A magnitude 6.8 earthquake struck China's Sichuan province on Monday, the strongest to hit the region since 2017, killing at least 21 people and shaking the provincial capital of Chengdu and more distant provinces.
Some roads and homes near the epicenter were damaged by landslides, while communications were down in at least one area, state television reported.
No damage to dams and hydropower stations within 50 km (31 miles) of the epicenter was reported, although damage to the provincial grid had affected power to about 40,000 end-users.
The epicenter was at the town of Luding, the China Earthquake Networks Centre said, in the mountains about 226 km southwest of Chengdu.
Earthquakes are common in the southwestern province of Sichuan, especially in its mountains in the west, a tectonically active area along the eastern boundary of the Qinghai-Tibetan plateau.
Laura Luo, who lives in Chengdu, a city of about 21 million people, was on her way to her apartment block when she saw people rushing out of their high-rise homes in panic after getting earthquake warnings on their phones.
"There were many people who were so terrified they started crying," the international PR consultant told Reuters.
"All the dogs started barking. It was really quite scary," she said, referring to when the quake began.
In Luding, the quake was so strong it was hard for some people to remain standing, while cracks appeared on some houses, the China News Service reported.
Video clips on social media showed lights swinging while people rushed out of buildings into the streets.
Four of the seven people killed were in Luding.
A total of 39,000 people live within 20 km of the epicenter and 1.55 million within 100 km, according to state television.
The quake was Sichuan's biggest since August 2017, when one of magnitude 7.0 hit the Aba prefecture.

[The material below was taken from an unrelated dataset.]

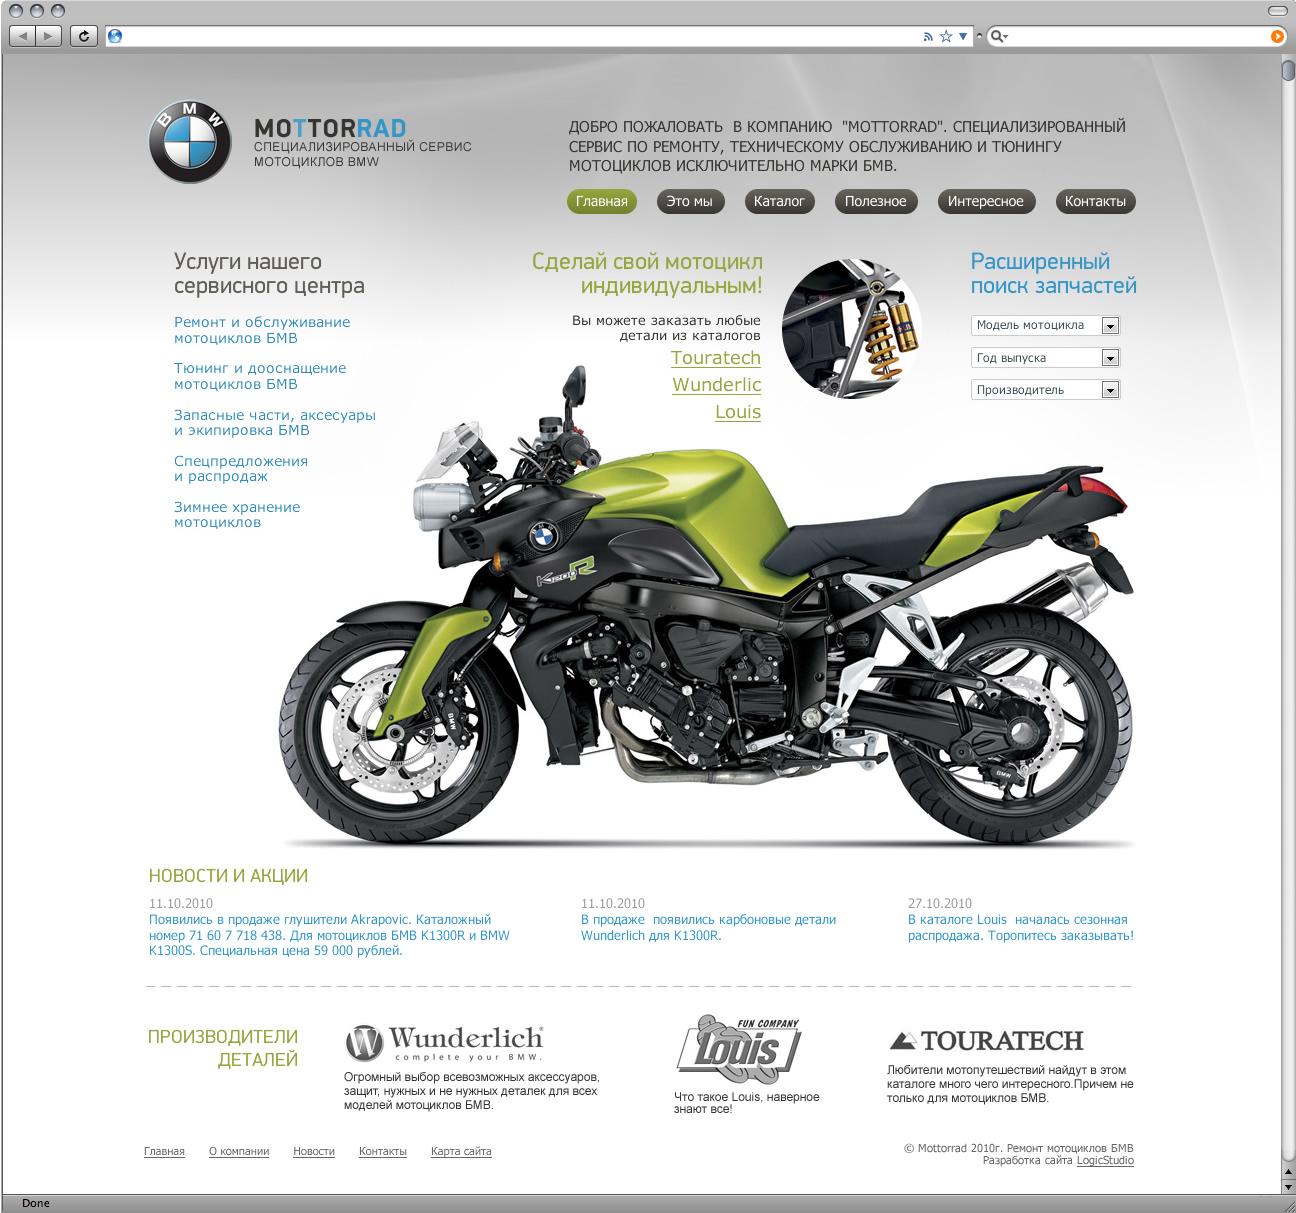 обслуживание мотоциклов BMW #10

The most powerful Sichuan earthquake on record was in May 2008, when a magnitude 8.0 quake centered in Wenchuan killed almost 70,000 people and caused extensive damage.
Monday's quake was also felt in the provinces of Yunnan, Shaanxi and Guizhou hundreds of kilometers away, according to state media.
Chengdu resident Samantha Yang, 23, was in bed about to take a nap when the quake struck.
"The building kept shaking, each time more severely than before," Yang said. "Truly, this was the scariest one since the 2008 Wenchuan earthquake."